The SmartHeap implementation includes many features that maximize performance. These features include the following:
SmartHeap uses its own page table to ensure that heap searches have the best possible locality of references, which minimizes swapping.
The per-allocation overhead in SmartHeap is very small. For most platforms, including 16-bit Windows, NT, and OS/2, SmartHeap uses only 2 bytes to store header information for variable-size allocations, and SmartHeap fixed-size allocations have zero overhead. This compares with per-allocation overhead as high as 16 bytes with some memory managers (8 bytes of overhead is common). As well as saving space, smaller overhead reduces swapping by reducing the working-set size of your application.
When memory is freed in SmartHeap, blocks are coalesced with neighboring free blocks without any searching. Many memory managers either fail to coalesce free blocks, resulting in greater fragmentation, or perform a search of the heap to coalesce, which can make performance of free painfully slow.
SmartHeap allocates small blocks (those under 256 bytes) with an extremely fast algorithm rather than the normal general-purpose algorithm.
You can benefit from these features simply by relinking, since SmartHeap replaces malloc and operator new.
You’ll achieve an even greater performance improvement by creating multiple memory pools as described in section 2.4, “Using memory pools.” This technique gives you several performance advantages:
Allocations are faster because heap sizes are smaller and allocations vary less in size and extent.
Locality of reference improves, which can drastically reduce swapping in virtual memory environments.
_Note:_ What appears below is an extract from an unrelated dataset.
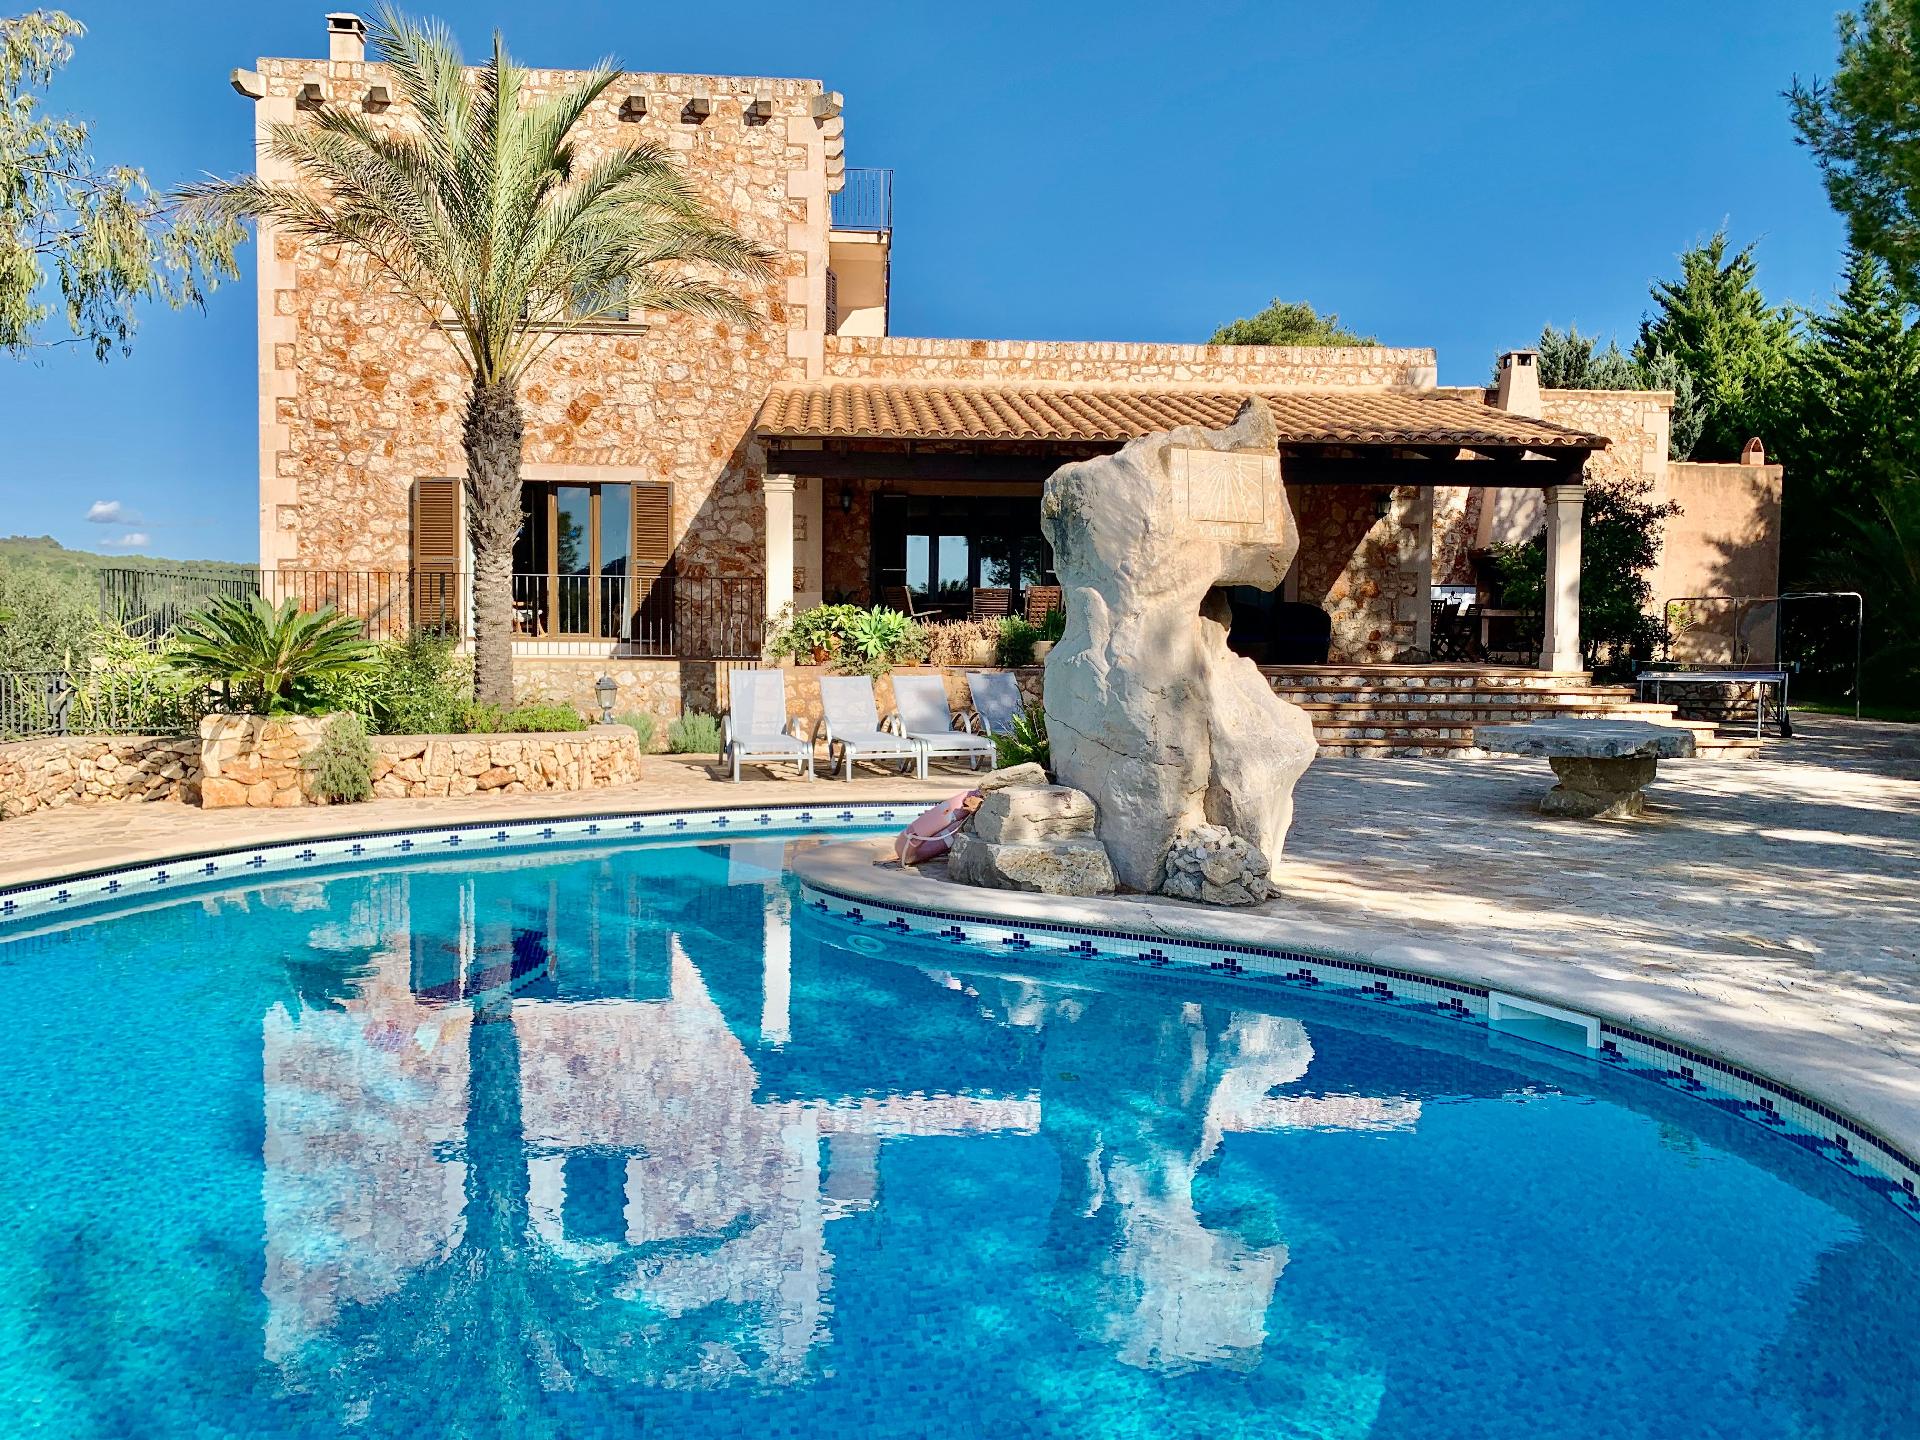 Ferienhaus mit Privatpool für 10 Personen ca. Ferienhaus in Spanien

If allocations that are referenced in sequence are allocated from the same pool, speed of references improves here as well as speed of allocations.
You can create multiple fixed-size pools of different sizes to take advantage of SmartHeap’s fixed-size allocator, MemAllocFS, which uses a much faster algorithm than variable-size allocators such as malloc. MemAllocFS is especially valuable if your application creates large numbers of allocations of the same size.
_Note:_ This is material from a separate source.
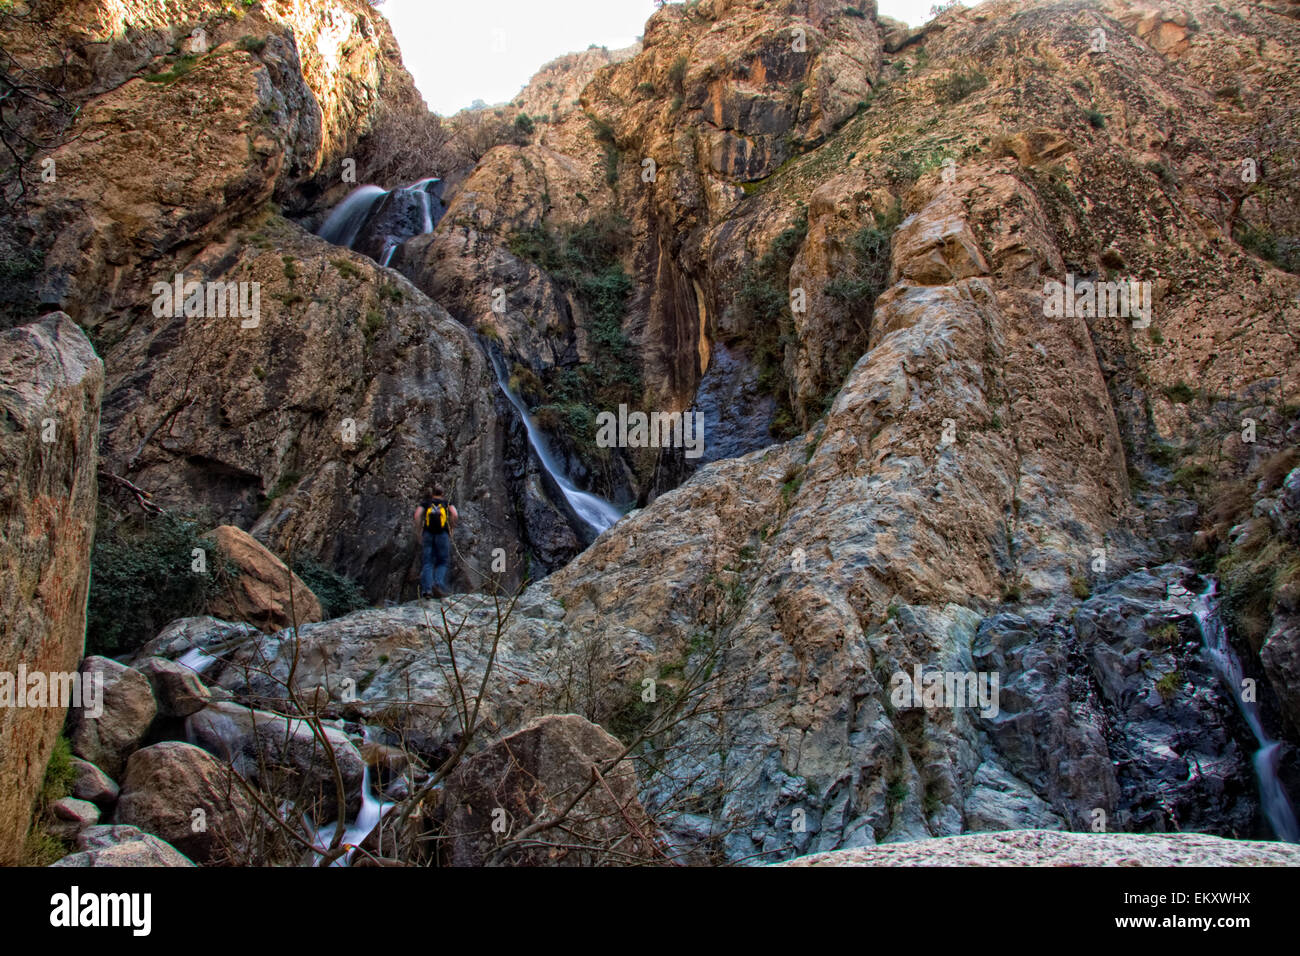 Homme non identifié est la célèbre cascade de Setti Fatma, Maroc Banque D'Images

If you’re coding in C++, you can have selected classes use SmartHeap’s fixed-size allocator without changing any of the calls to operator new in your application. To do this, overload operators new and delete for the classes that your application creates many instances of. For an example of this technique, see the code example for “new” in §4.2, “Function reference,” or see the “CPP” sample application in the SmartHeap samples directory.
If you want to evaluate SmartHeap’s performance without changing your code to call SmartHeap allocation APIs, you can fine-tune SmartHeap by changing the page size. SmartHeap allocates fixed-size pages of memory from the operating system and then sub-allocates from those pages. You can control the size of the pages that SmartHeap allocates from the operating system using the MemDefaultPoolPageSize global variable.
unsigned MemDefaultPoolPageSize = 8192;
You can experiment with different page sizes between 4096 and 65535 to see how performance is affected:
If you create a lot of large allocations, you may be able to improve performance by increasing the page size. For example, if your application creates many allocations larger than 4K, try increasing the page size to 32K or 64K.
If your application is swapping heavily, you might get the best performance by setting the page size equal to the virtual memory page size (4K). The default page size is documented in the Getting Started and Platform Guide.
Finally, if you are observing no performance improvement with SmartHeap in a test case that follows the above guidelines, it’s possible that SmartHeap is not being linked into your application. Make sure the SmartHeap Library appears before any other library on the linker command line, and check the map file for the symbol SmartHeap_malloc.
Also, make sure you don’t test performance with the Debug version of SmartHeap (usually a SmartHeap Library name ending in “d”) — Debug SmartHeap does a lot of error checking and is much slower than Runtime SmartHeap.